Data excerpt
##############################

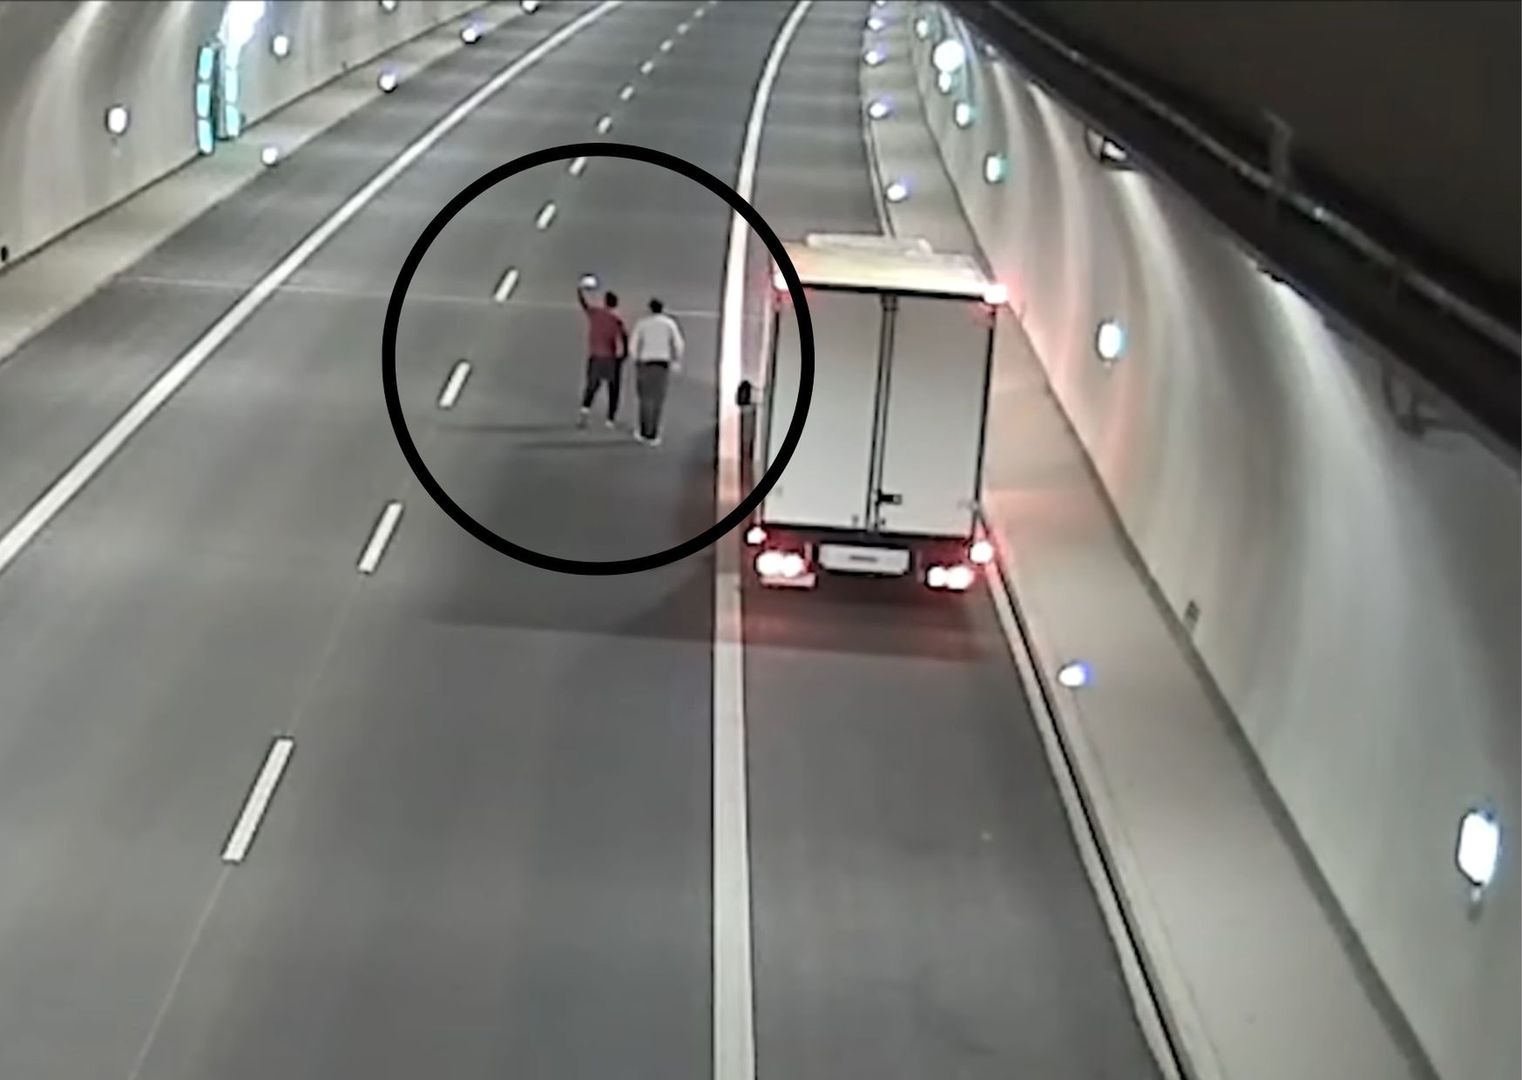 Kierowcy wysiadają z aut pośrodku tunelu. Przyczyna ich zachowania szokuje
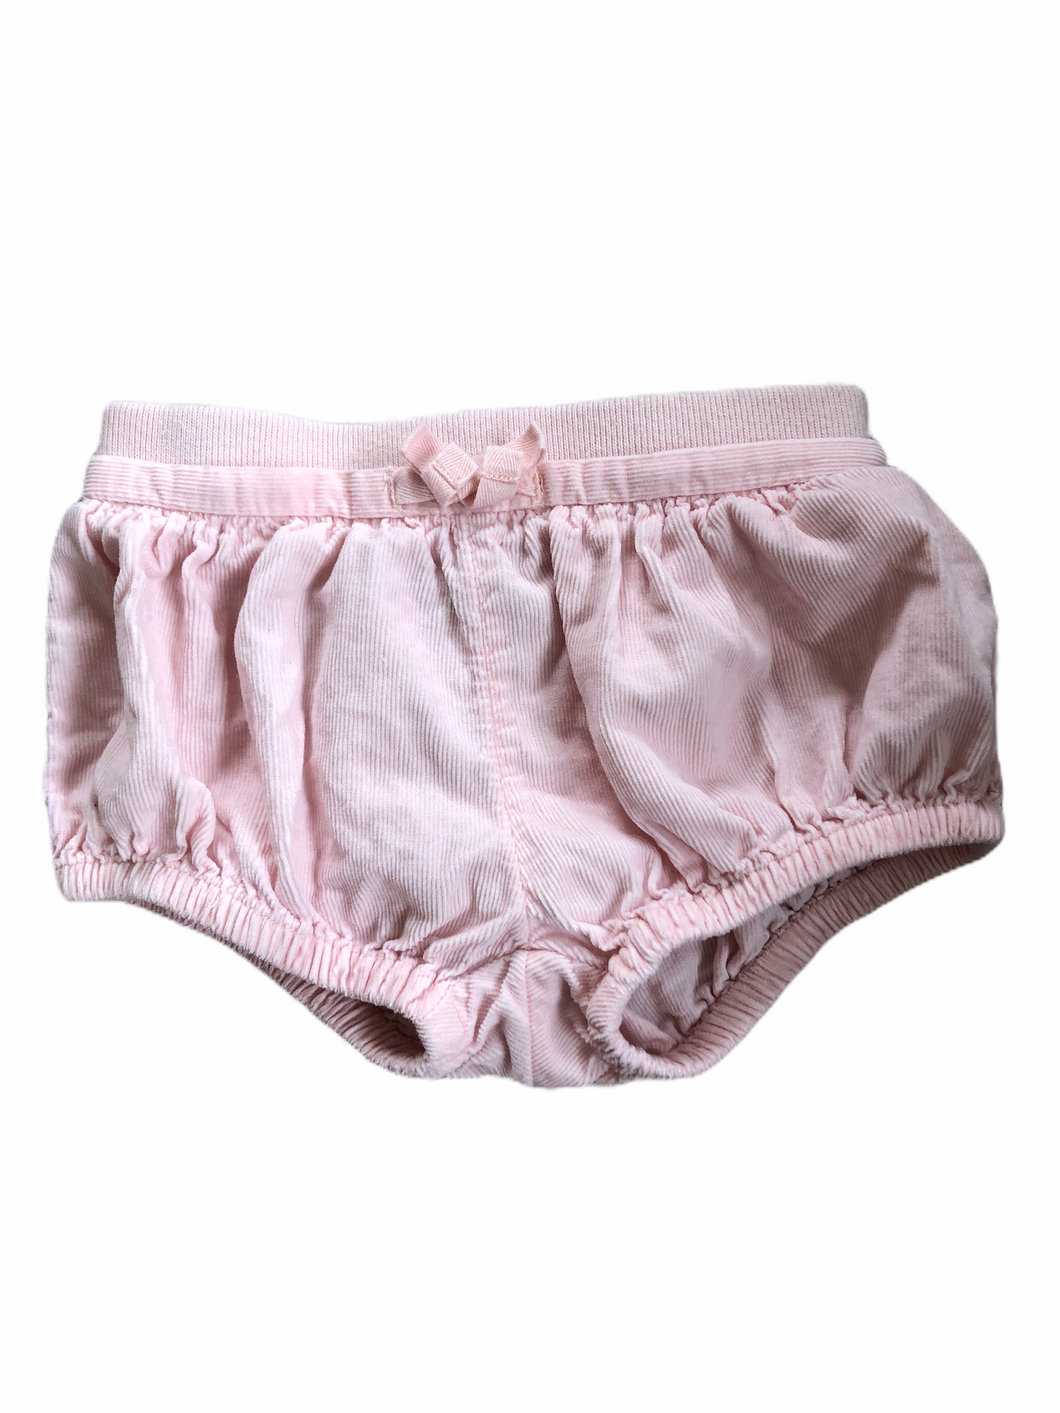 Pink Corduroy Bloomer Shorts, 3-6 months // Gap
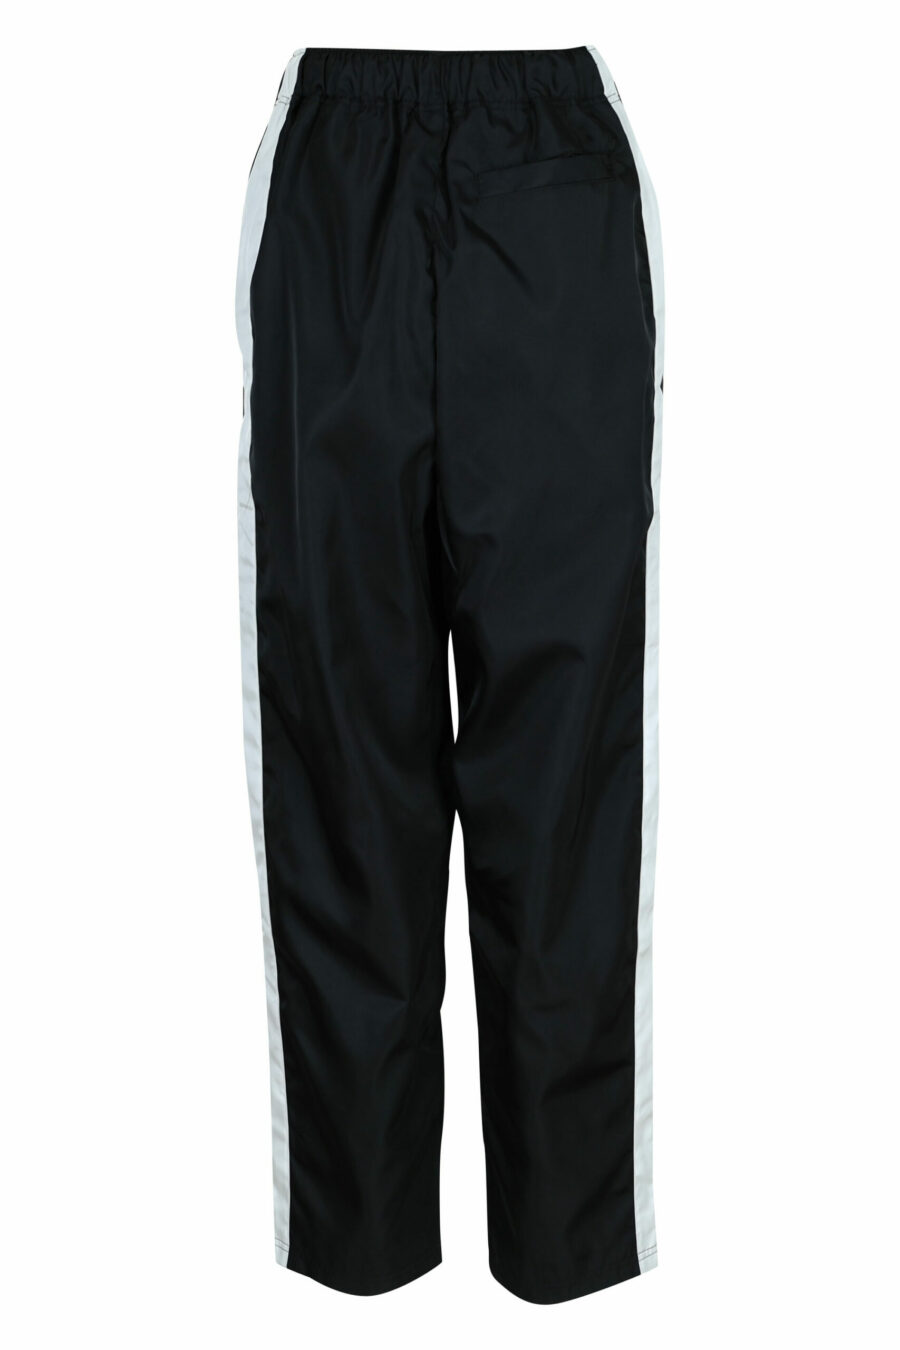 Pantalón de chándal negro con minilogo "kenzo" - 3612230584853 1 scaled

##############################

Could you give all of the data again exactly as written, omitting any pictures?

 Kierowcy wysiadają z aut pośrodku tunelu. Przyczyna ich zachowania szokuje
 Pink Corduroy Bloomer Shorts, 3-6 months // Gap
 Pantalón de chándal negro con minilogo "kenzo" - 3612230584853 1 scaled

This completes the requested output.